4 Reasons Your Great Blog Post Gets No Hits

06/12/2013

By Margo

4 Reasons Your Great Blog Post Gets No Hits

For a kid, a birthday can be the most awesome and terrifying day of the year. Presents! Cake! Attention! A party! But then…what if nobody comes? It’s a reasonable fear. We all saw it happen—kids whose invitations we stuffed in a pocket and neglected, whether thoughtlessly or intentionally. So we were careful with our own invitations. We were willing to do almost anything to make sure we wouldn’t be the kid left alone with too much cake and no presents.

That fear of throwing a flop of a party stays with us, and follows us online. It’s disappointing to say something incredibly witty on Facebook and get no responses. Or to write a useful, market-appropriate, well-researched blog post for your business and have no one read it.

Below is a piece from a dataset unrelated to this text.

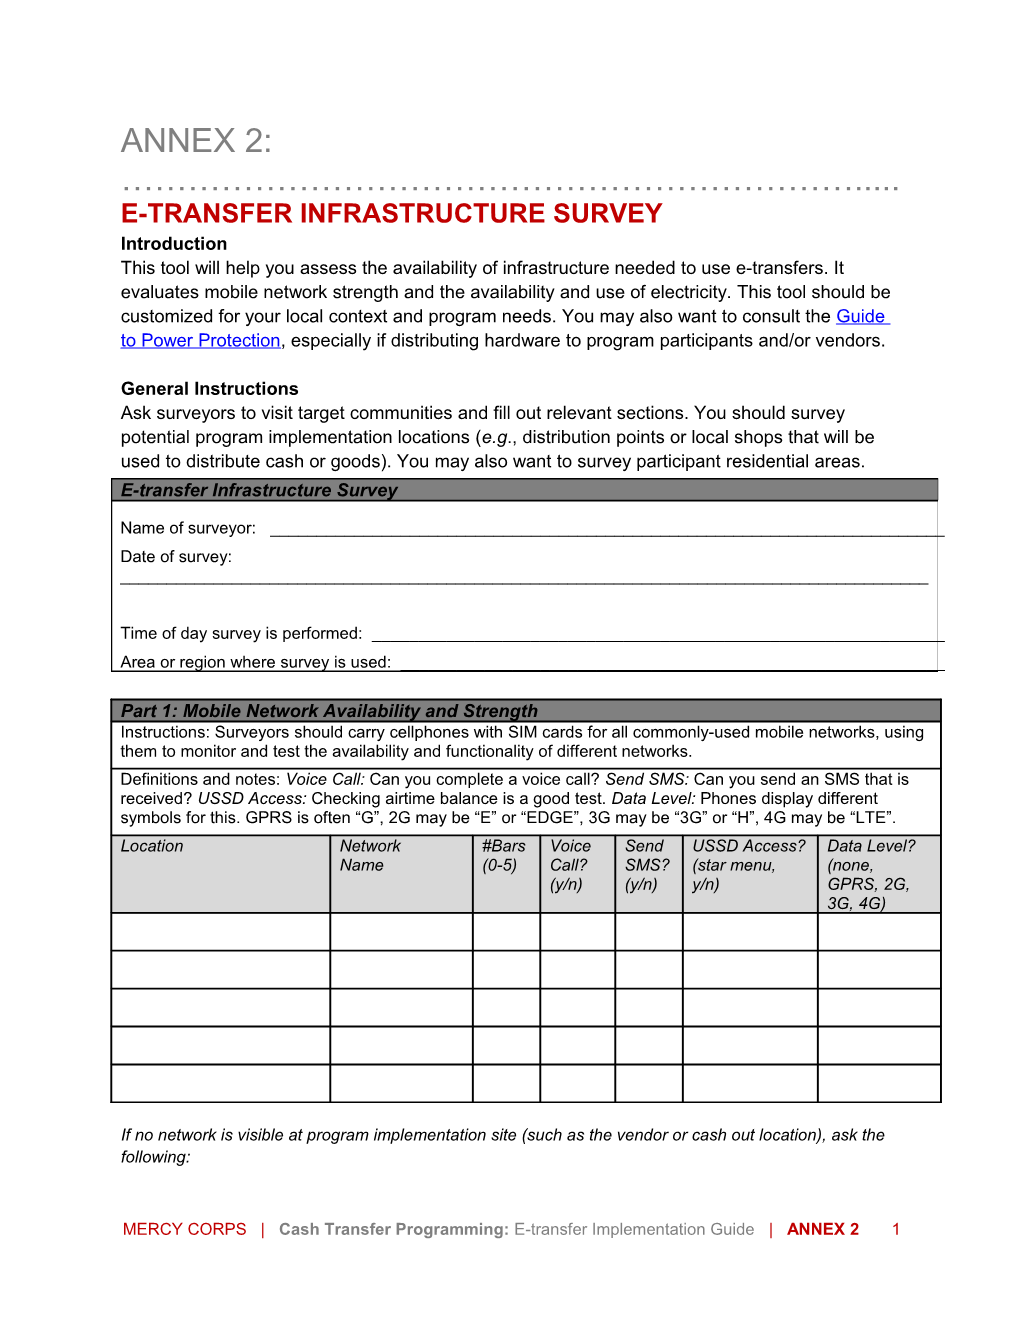 E-Transfer Infrastructure Survey

It’s easy, we think, to tell a kid how to be a successful host. But expanding your online presence and reach is way more technical, right? It involves things like metatags and SEO and computer code wizardry far beyond the reach of the average user, doesn’t it? Partially, perhaps, but only behind the scenes. Though the stakes are much higher for a business trying to reach potential customers than for a 7-year-old trying to get friends to come to his party, the principles for being successful at both are exactly the same. And they’re not technical at all. So if you’ve written a great blog post and are wondering why it’s not getting any hits, consider how you’re doing on these four party basics:

  1. How did you extend your invitations? Imagine a kid standing by himself on the playground and mumbling, “I’m having a great thing that’s going to be really great. And fun. And great. I hope you’ll come.” What was that? What kind of thing? What are you even talking about? Posting a blog without doing keyword and search engine optimization (SEO) research is about the same thing. And will get the same result. Do keyword research to enhance your blog posts.
    It’s always best to brainstorm the most common questions or terms people would use as a search query in regards to your product or service. Resources such as Google Trends, Google AdWords Keyword Tool, Hubspot’s Keyword Grader SEO Tool, and Wordtracker’s free basic keyword tool can help you advance your search. When you’ve identified which terms produce the results you want, incorporate those keywords into the article body. Give your blog a descriptive title, as well, and integrate long tailed key terms in it.
  2. Are you being social? The surly kid in the corner who doesn’t talk to anybody during the non-birthday seasons of the year probably isn’t going to get any guests at his party. In the same way you’d say to him, get out there! When you’ve published your post, promote it on other platforms, such as Twitter, Facebook, Google+, and so on. Consider joining blog aggregators (Newsvine and Alltop are good examples). These sites allow members to collect blog content topically, and will help users already interested in the subjects you’re writing about find you. Social bookmarking sites (Delicious and Pinterest are well known examples) are another good place to place links—and ask friends and content marketing colleagues to link—to your blog.
    In addition, comment on other blogs, link to other blogs in your own posts, engage with and share content from other bloggers on your social media sites, invite guest bloggers to post on your site and be willing to be a guest on others’. Use and update your blogroll, which is a collection of blogs you recommend that can appear along one side of your blog.
  3. Are you treating your guests well while they’re there? If kids come to a birthday party and don’t have fun, they’ll go home early. Make guests to your site feel welcome the moment they arrive by making sure your site is, well, friendly. Have users (or friends) tell you what they see first, what they expect to see, and where they expect to see it. Make sure your site is easy to navigate and to search. And finally, be sociable and polite by approving and responding to comments as quickly as possible.
  4. Have you laid a great table? Your blog is the buffet; the posts are the dishes offered on it. Make sure everything is fresh (current), hot (interesting), and made with your guests’ tastes in mind rather than your own (topical). Make sure your offerings are well prepared as well, which means do thorough research on your blog posts. People can see quickly whose material is trustworthy and meets their needs, and will spend time reading your blog (and return to it!) if those requirements are met. And finally, keep putting new offerings out. To get noticed, publish often, and publish quality.

Building a great blog and seeing it get a good response is just as gratifying as your best birthday party. Keeping in mind the basic principles of both will make sure that happens. Good luck, and have fun!